Bank eager to enter inner circle of man who projected 'aura of wealth'
It was September 2003 and AIB had finally drawn a line under the Rusnak affair. Earlier that year the bank had reported profits in excess of €1 billion, having taken a €643 million hit the previous year for the actions of rogue trader John Rusnak. It was back in business and looking to deliver strong growth in lending.
Over in London, the bank was keen to build up its presence in the commercial property market, so when an AIB executive was approached by brokerage firm CLP to see whether the bank could lend an Achilleas Kallakis about £20 million to buy an office block, the bank was ready to listen.
‘Impeccable’ bona fides
Indeed, for AIB this encounter with a supposed wealthy scion of a Greek shipping family appeared fortuitous, with the bank noting at the time that his “bona fides were impeccable”. And so a lending relationship began, with AIB on the right side of Kallakis’s “inner circle”; an enviable position to be in, given his “aura” of wealth.
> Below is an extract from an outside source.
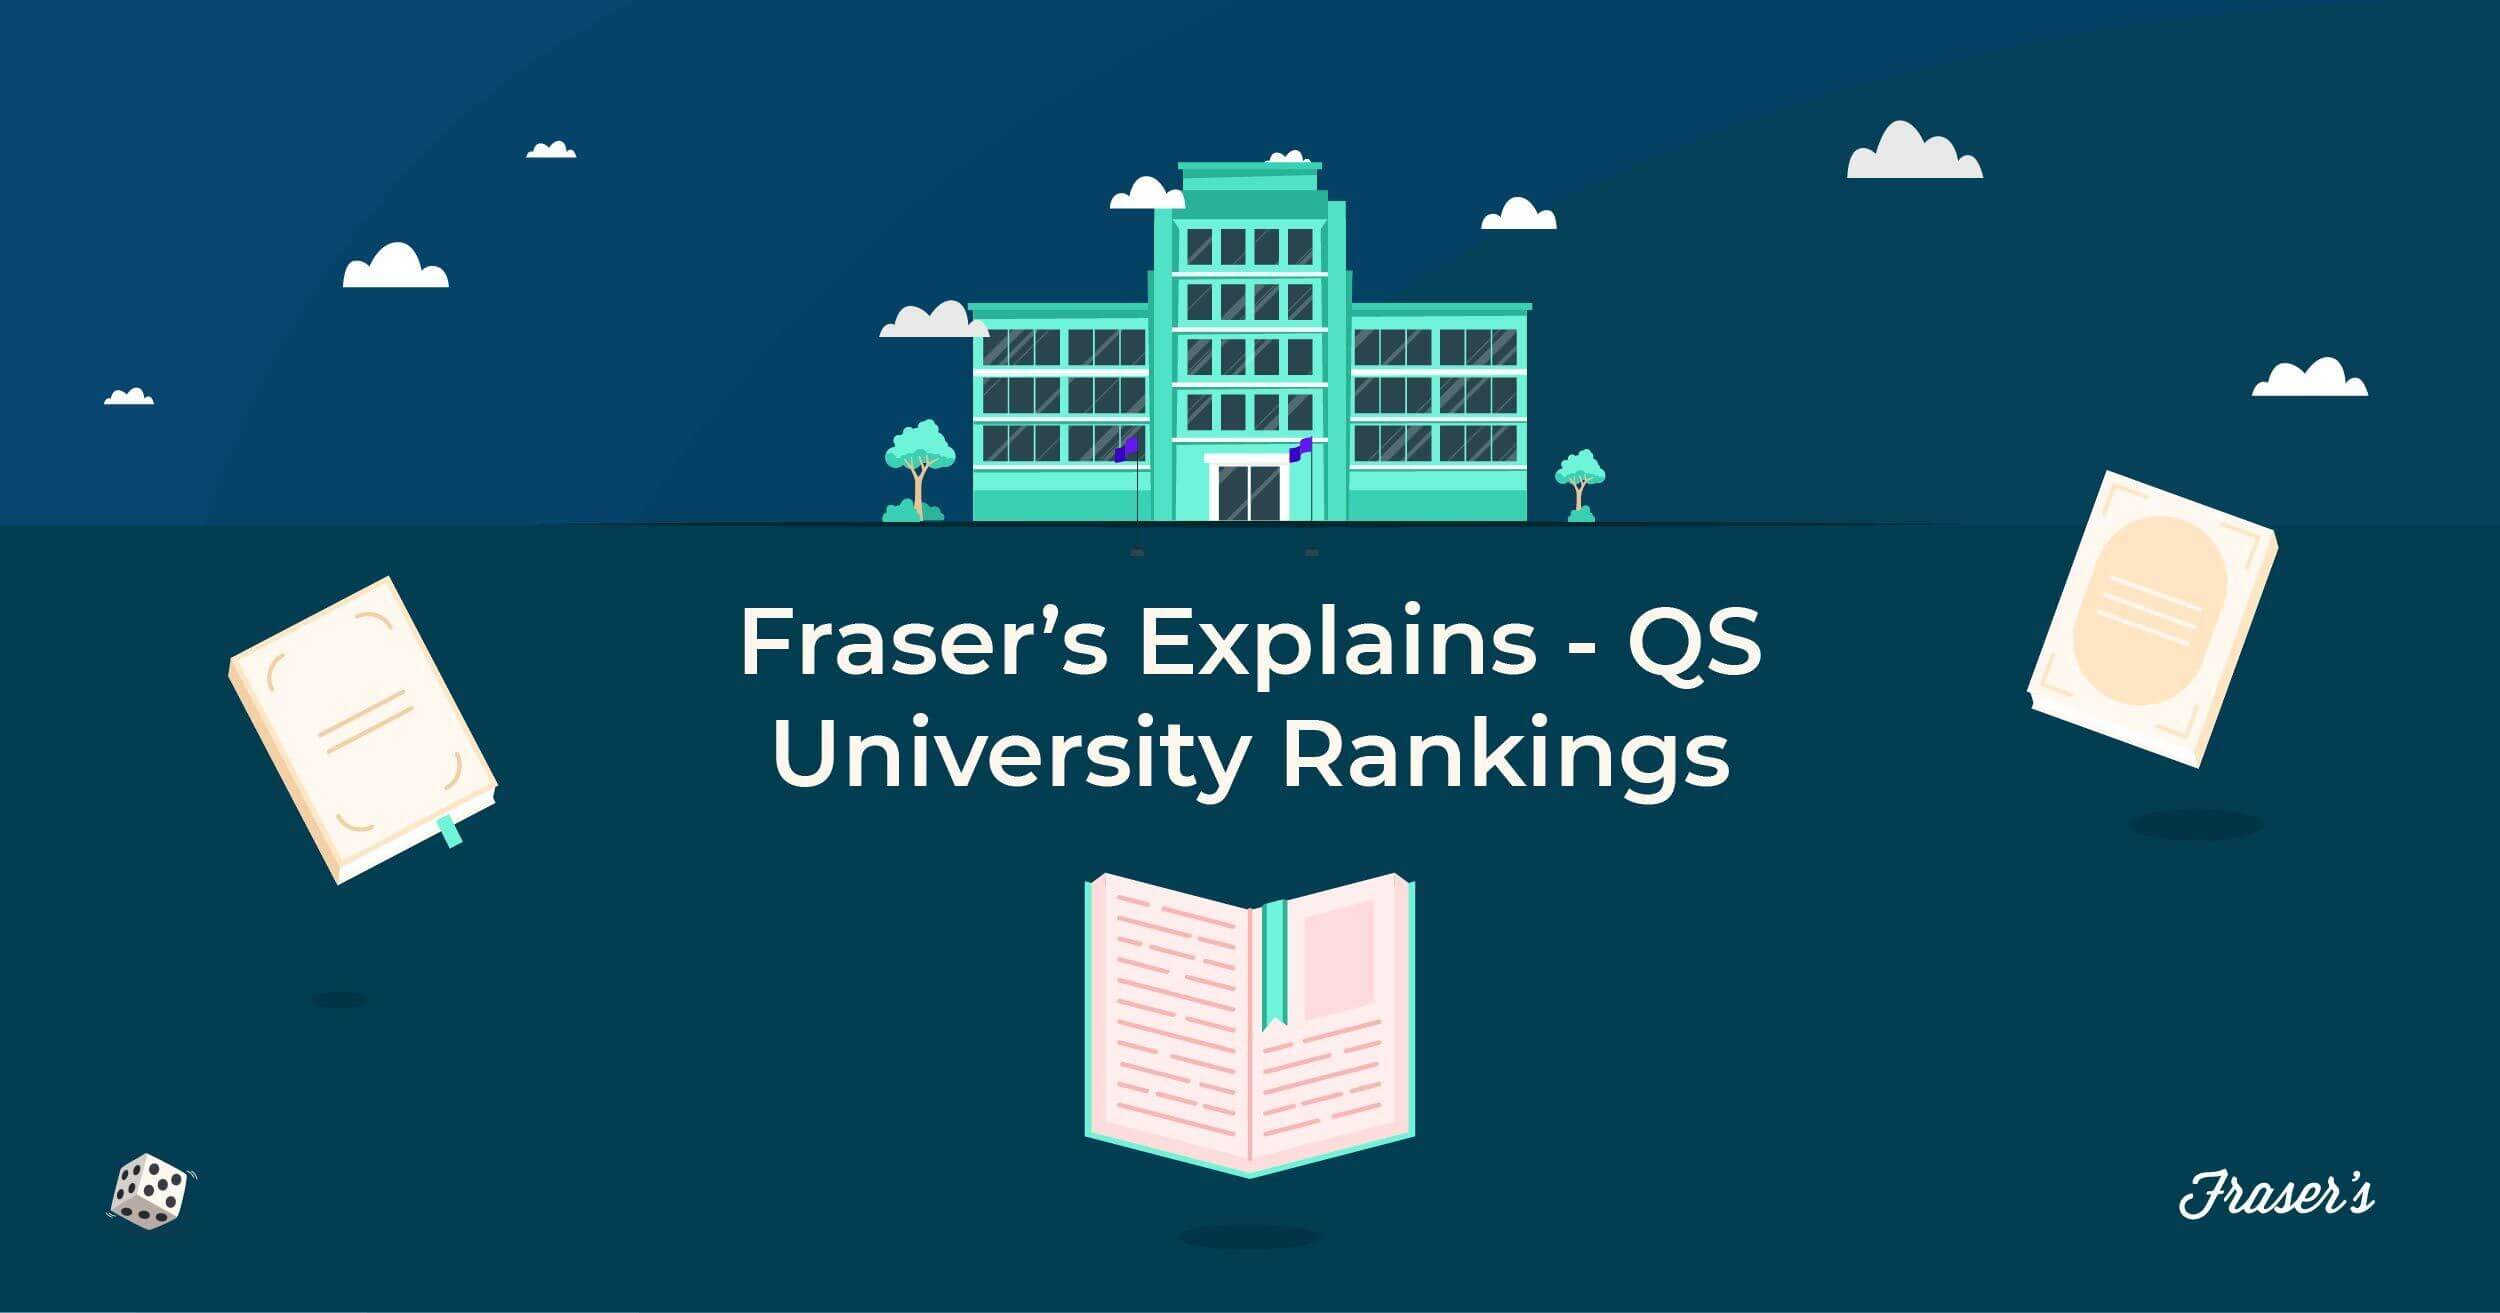 does university ranking matter- qs world university rankings explained by fraser's medical

He had the famous friends, with trips to the Far East with Prince Albert of Monaco; the fleet of cars, including a Bentley Azure and a Ferrari Scaglietti; and he lived in exclusive Kensington.
Kallakis, with his colleague Alexander Williams, wanted to build up a London property portfolio, and with guarantees of long-term payment of rents at top market rates from Sun Hung Kai Properties (SHKP), a well-known, established Hong Kong company, he wanted to borrow in excess of what a property was worth. These guarantees increased the value of the properties substantially, and for AIB were critical in signing off on the deals.
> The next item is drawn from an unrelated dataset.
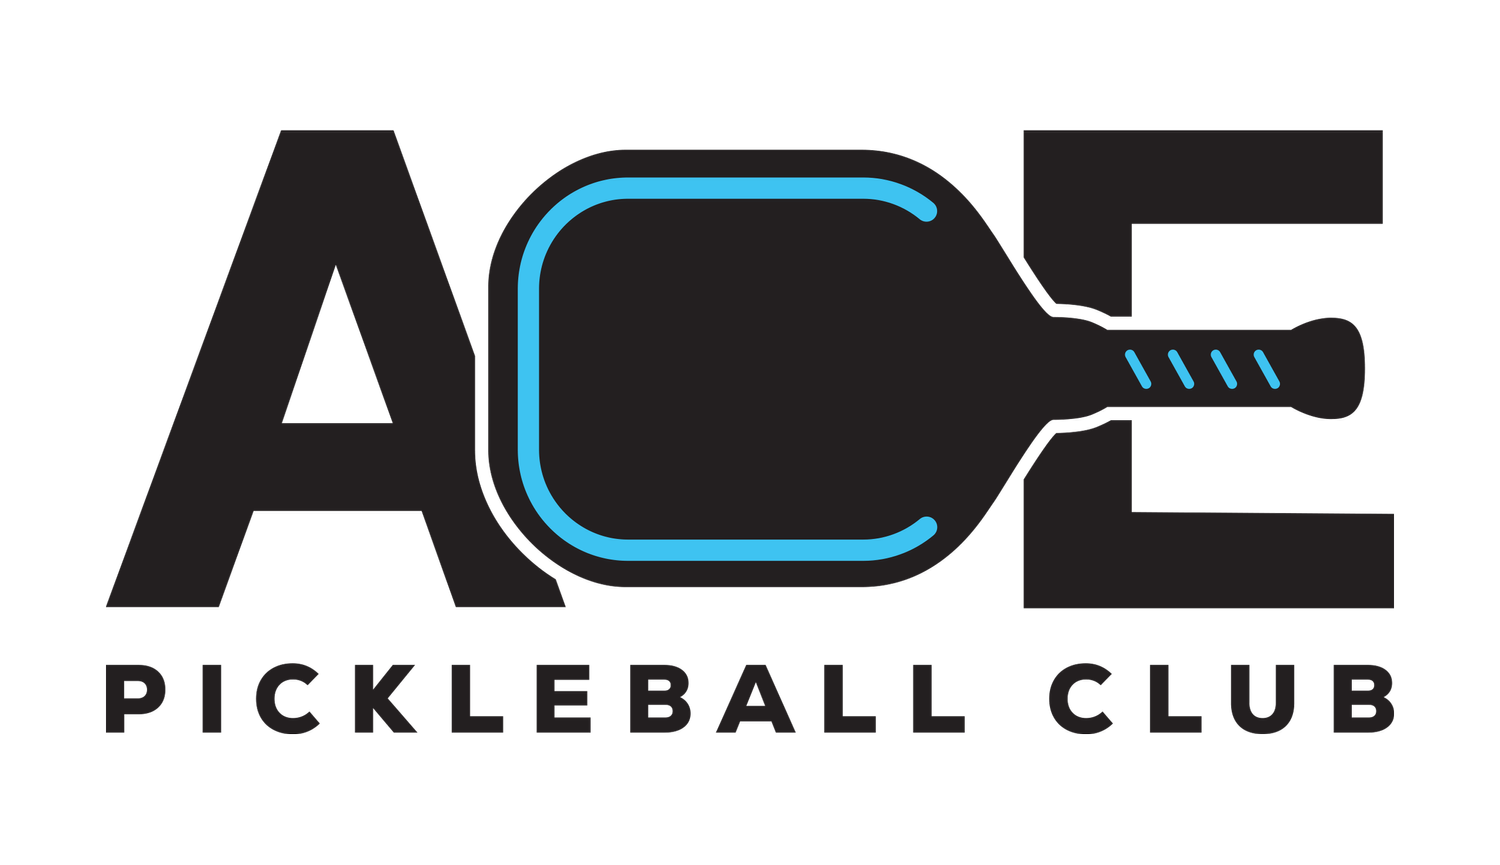 Ace Pickleball Club

By 2008, Kallakis had built up a portfolio worth some £740 million in 16 properties, with the money borrowed from AIB. Much of the surplus cash generated by his borrowings was alleged to have financed a lavish lifestyle for Kallakis, and he was generous with AIB staff, wining and dining them at parties in St Petersburg and inviting them to a lavish two-day 40th birthday bash in Mykonos, Greece.
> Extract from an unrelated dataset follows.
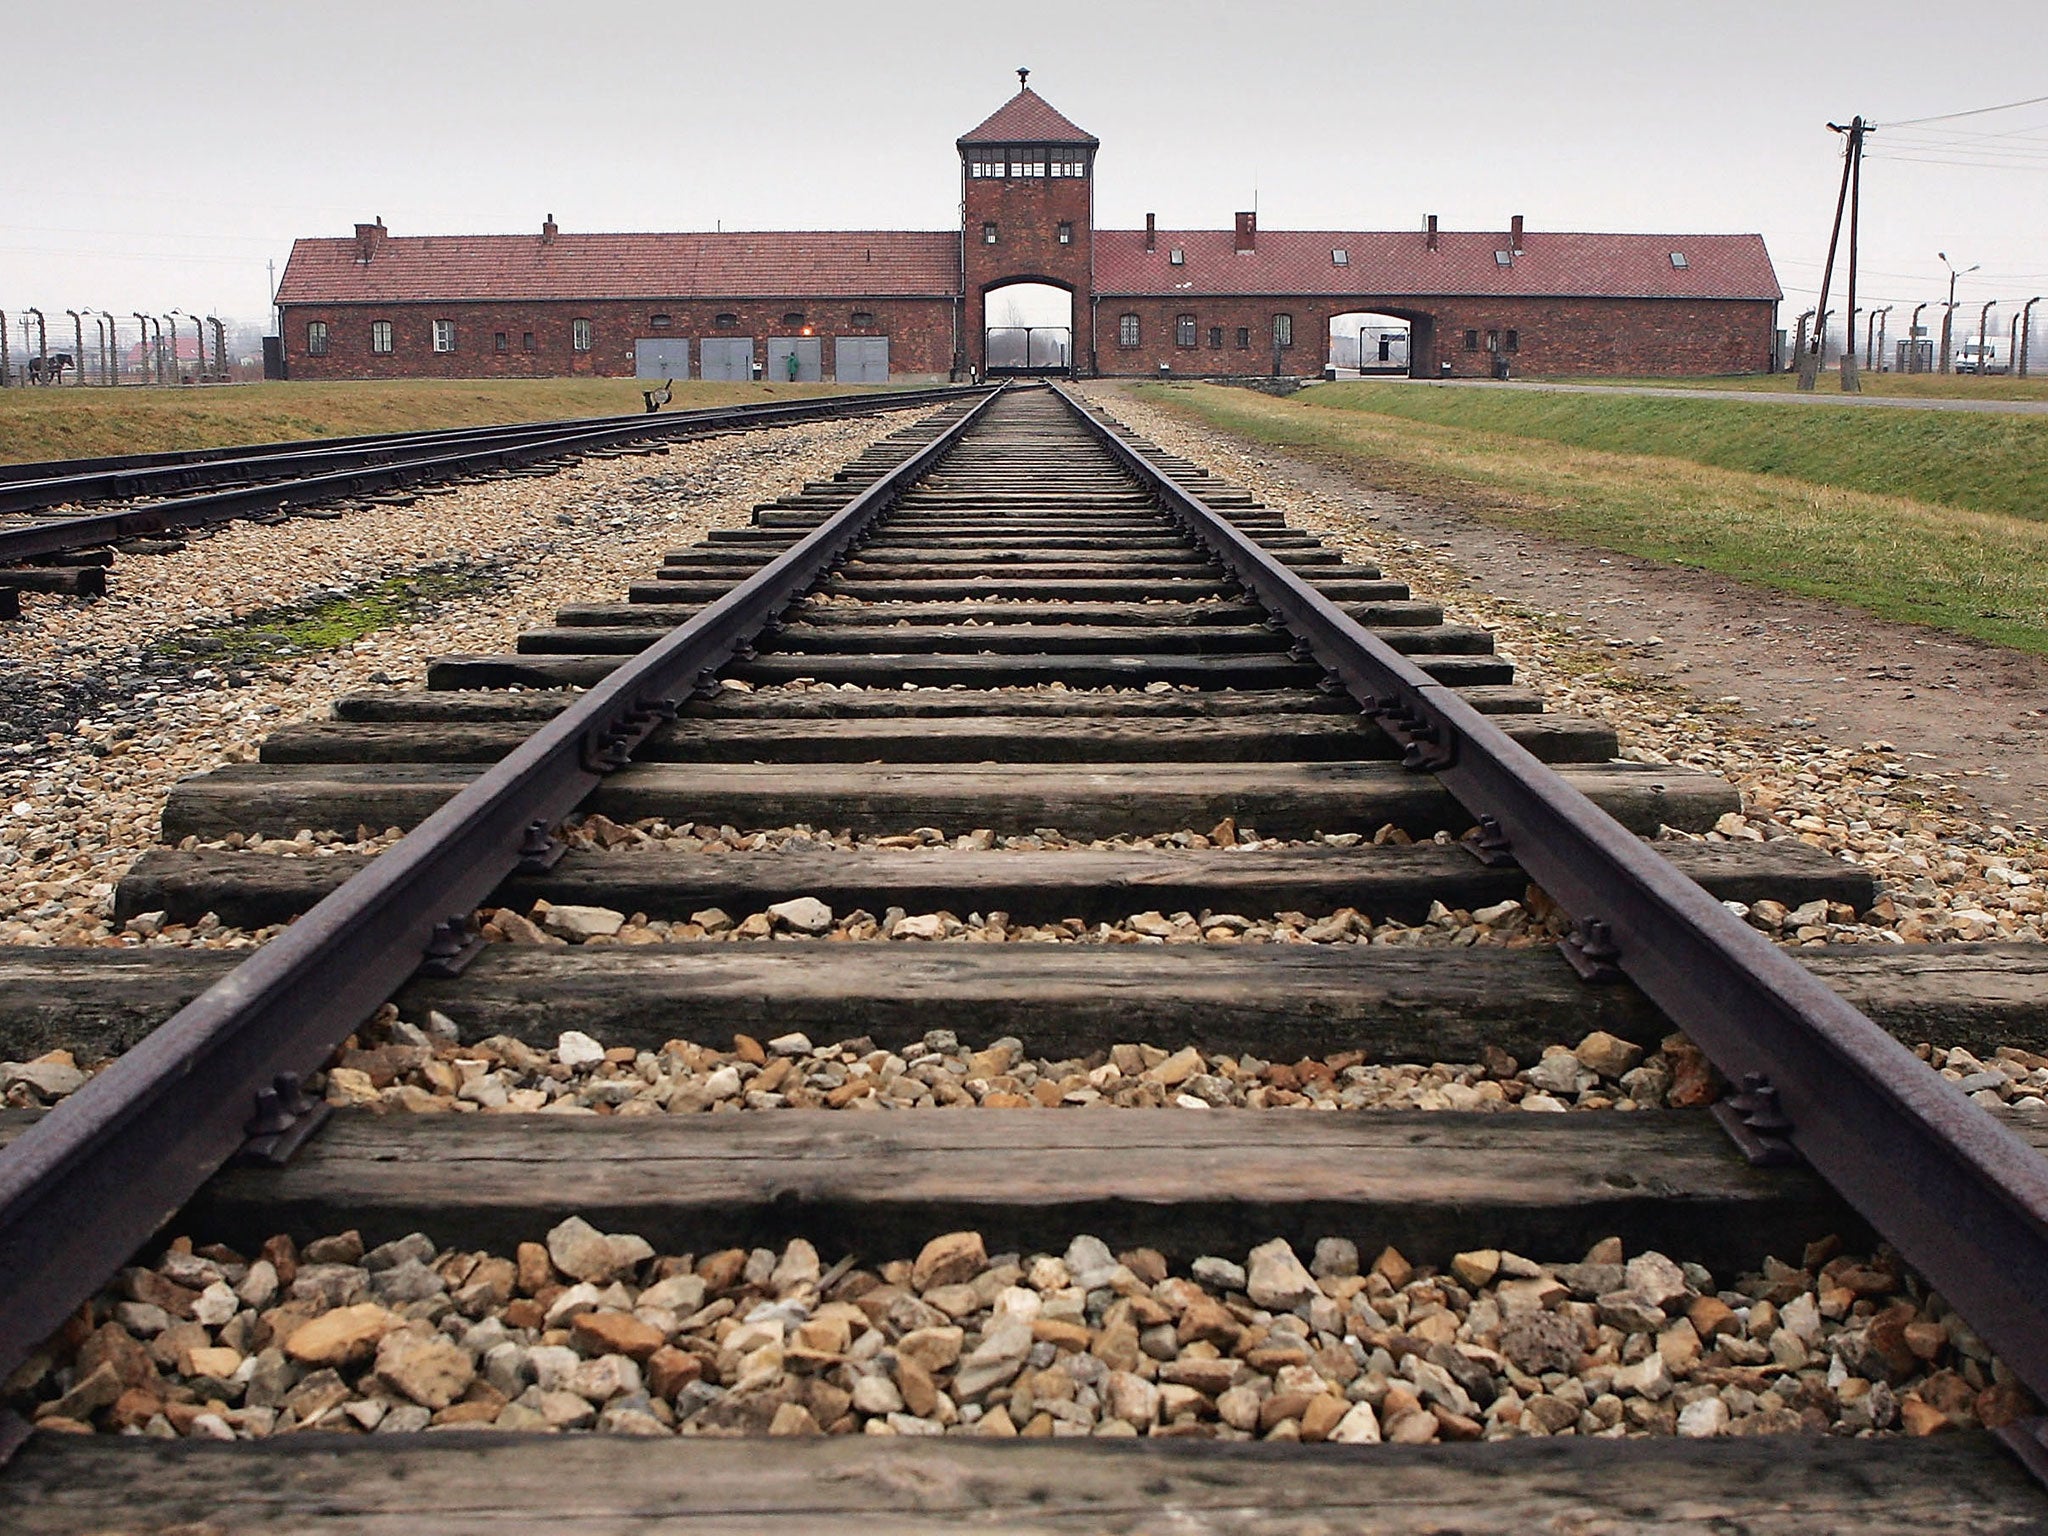 The railway tracks leading to the main gates at Auschwitz - Birkenau

But, in May 2008, AIB’s chief compliance officer based in London was contacted by a German bank with “worrying and disturbing news”. He was informed by the bank that it had concerns about Kallakis’s identity and about a previous conviction in the 1980s.
AIB started its own investigation, and contacted SHKP. But the Hong Kong property company said it had “no knowledge of the guarantees”. This was “devastating” knowledge for AIB.
By the time the full scale of the fraud came to light, and with it the knowledge that Kallakis was really Stefanos Kollakis and that along with Williams he had a previous conviction for conspiracy to commit forgery, the credit crunch had hit and the Irish banking sector was starting to fall apart.
But the credit crunch was also hitting the London market, and so, to limit its losses, in September 2008 AIB seized the properties from Kallakis, repackaged the portfolio and sold it on to Green Property for £667 million on what were perceived to be extremely favourable terms. In court, one property expert described the deal as “very strange” given the terms, and “a gift from heaven” for the acquirer.
Today, AIB can consign another unsavoury affair to its history books, as Kallakis and Williams are sentenced in court. But questions are likely to remain about the appropriateness of the transaction with Green Property.